**PROBLEM REQUIREMENTS**
What is needed is an exact copy of the lines in the listing below, from the one with "Stonrich Pte Ltd" up to and including the one with "ogromnaya-grud-domashnee-video-video-ya-masturbiruyu", with no other lines.

**RECORD SET**
--------------------------------------------------

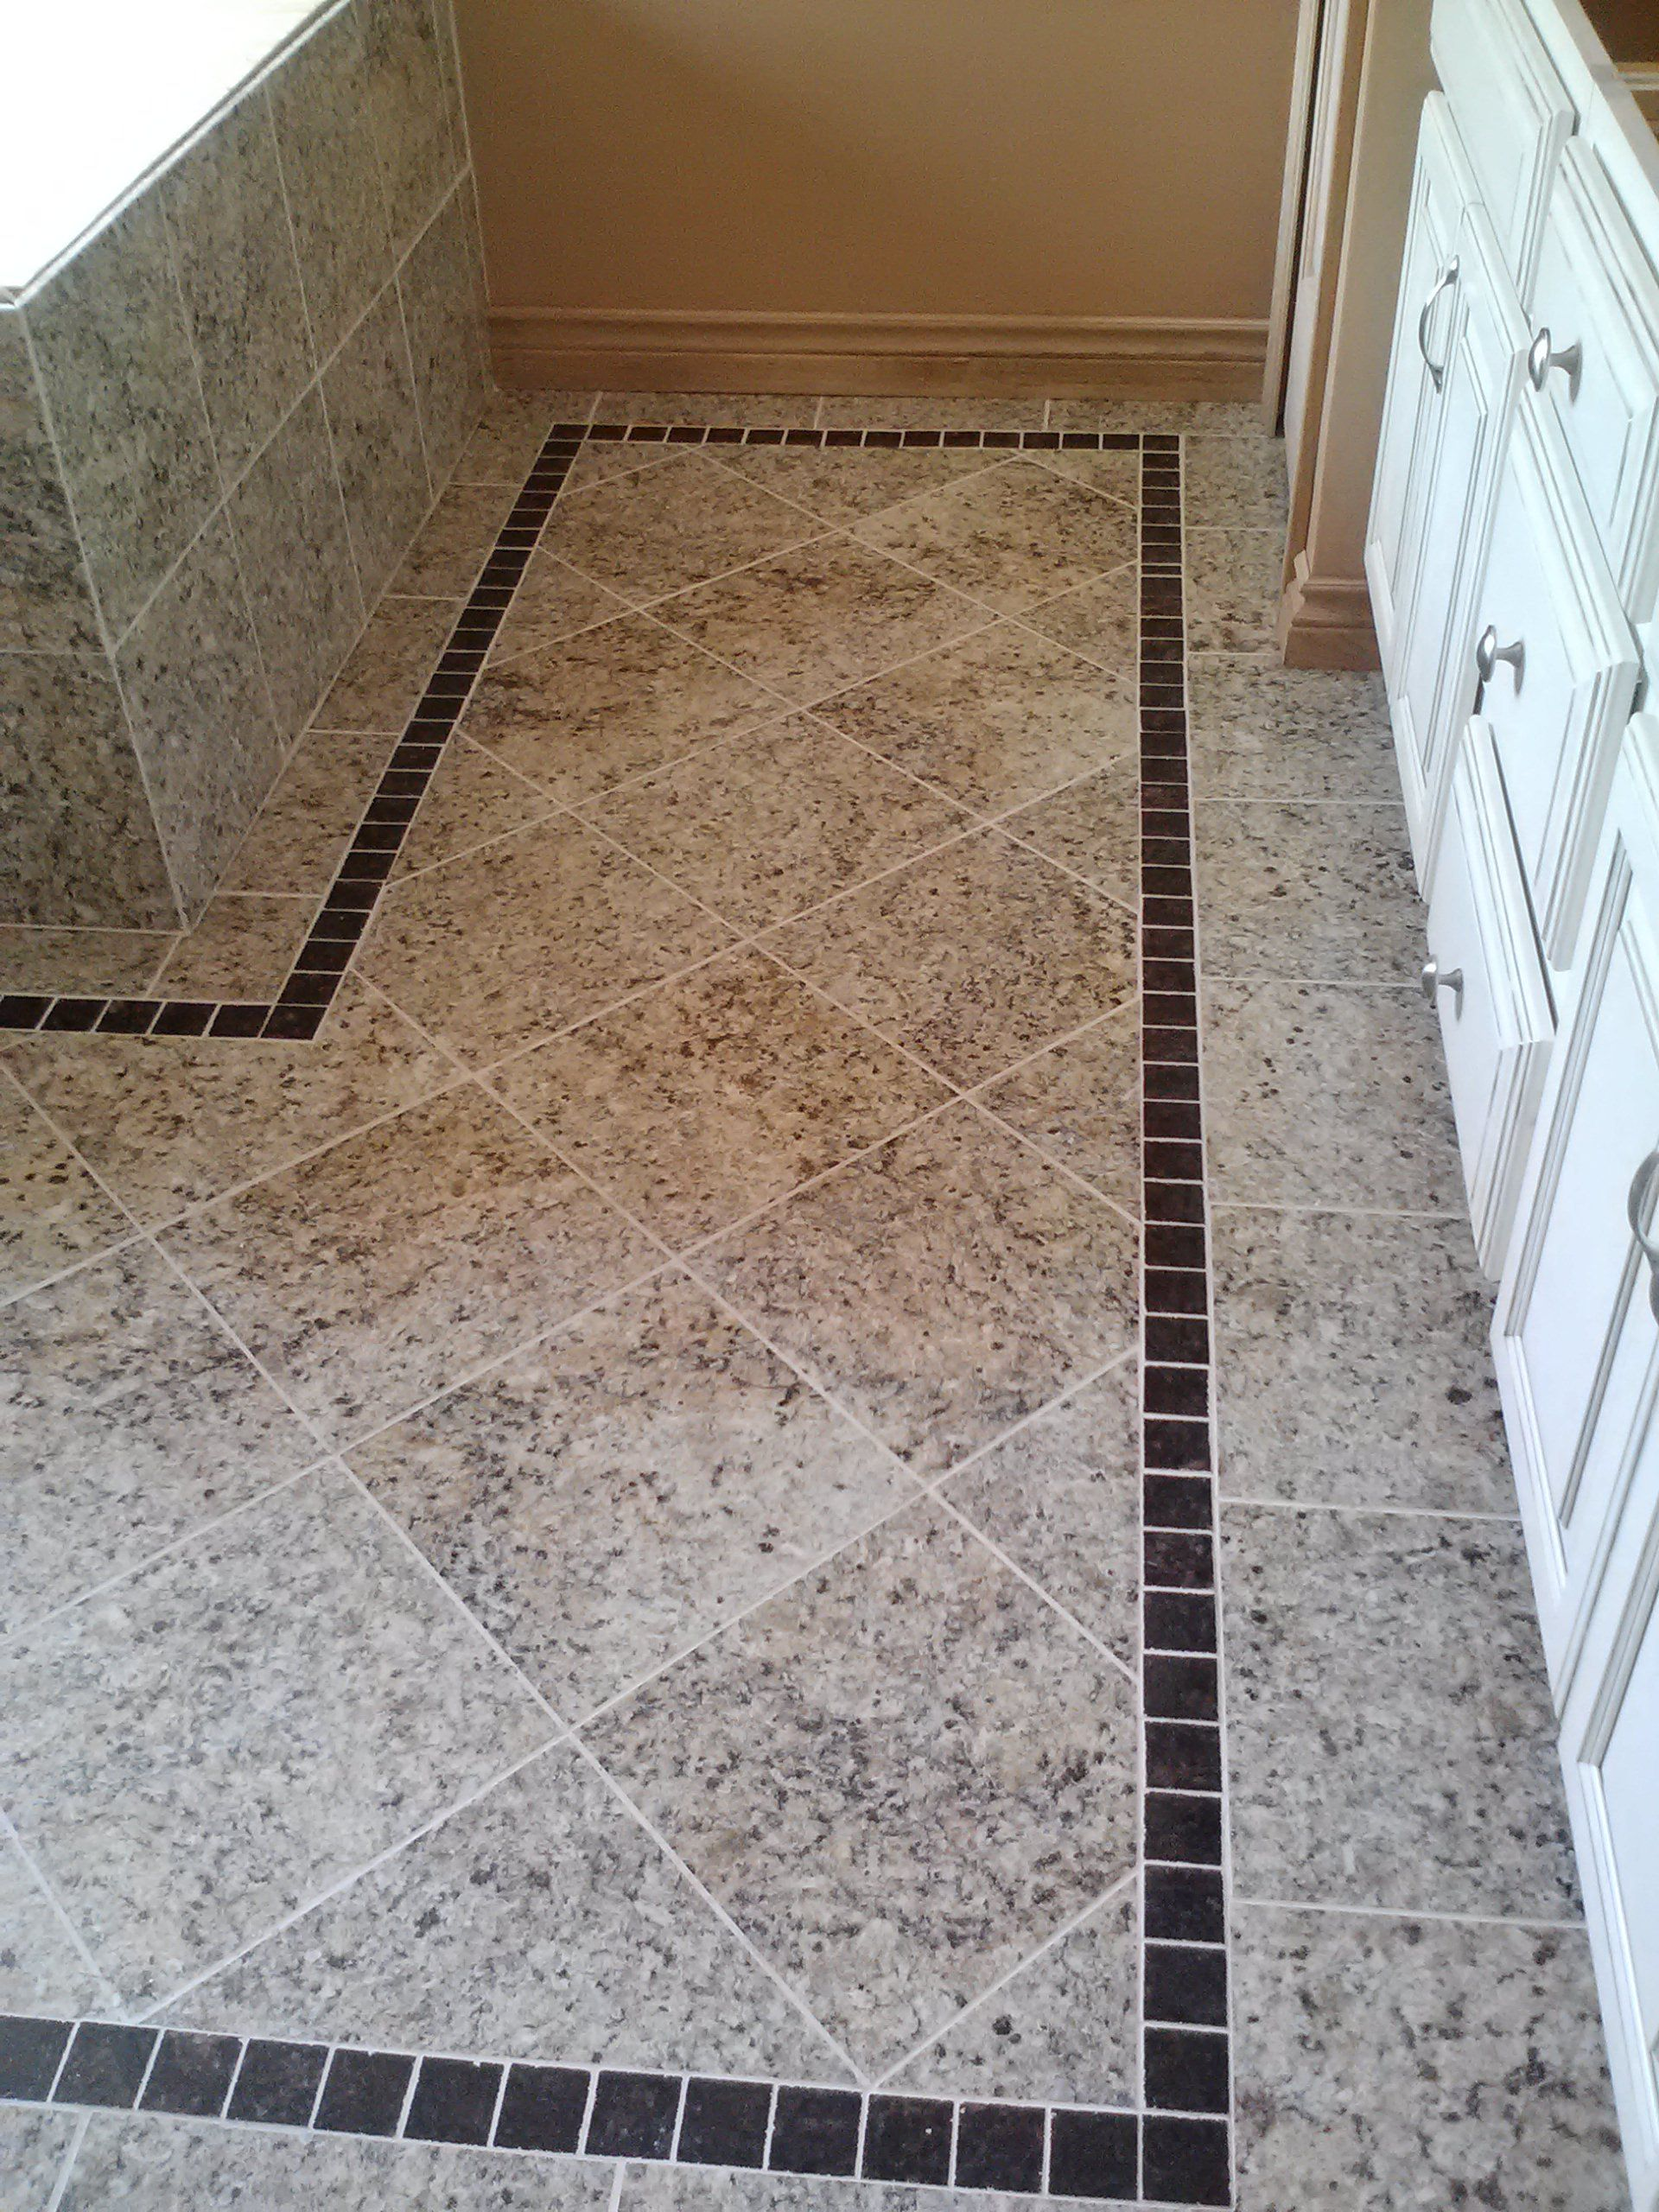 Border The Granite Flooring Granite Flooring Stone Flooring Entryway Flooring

--------------------------------------------------

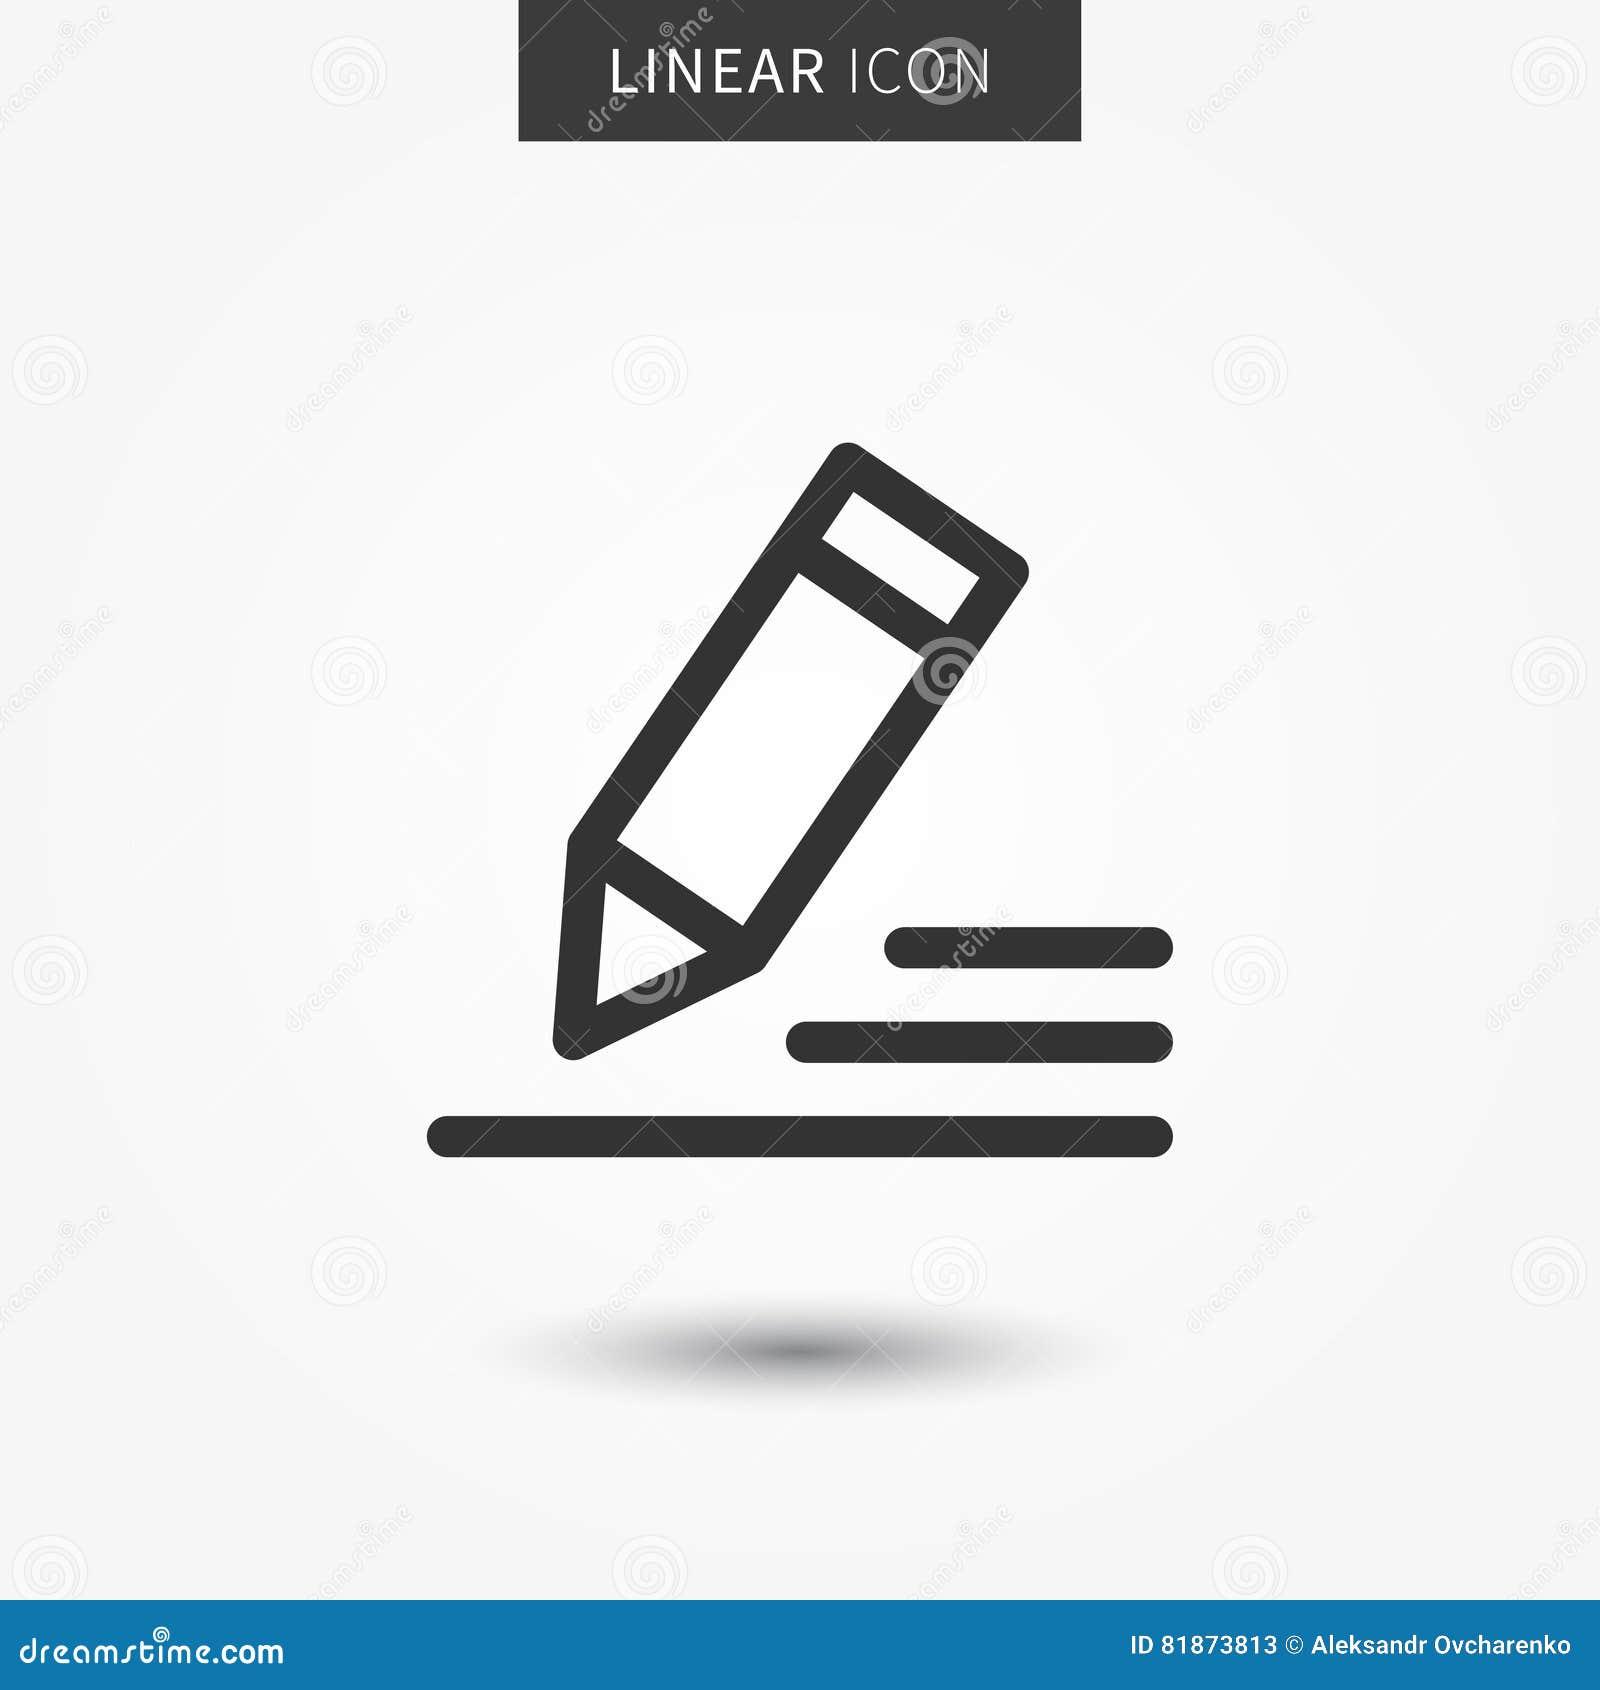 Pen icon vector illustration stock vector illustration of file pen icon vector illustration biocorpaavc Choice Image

--------------------------------------------------

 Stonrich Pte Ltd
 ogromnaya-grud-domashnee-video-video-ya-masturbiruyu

--------------------------------------------------

**TASK OUTPUT**
 Stonrich Pte Ltd
 ogromnaya-grud-domashnee-video-video-ya-masturbiruyu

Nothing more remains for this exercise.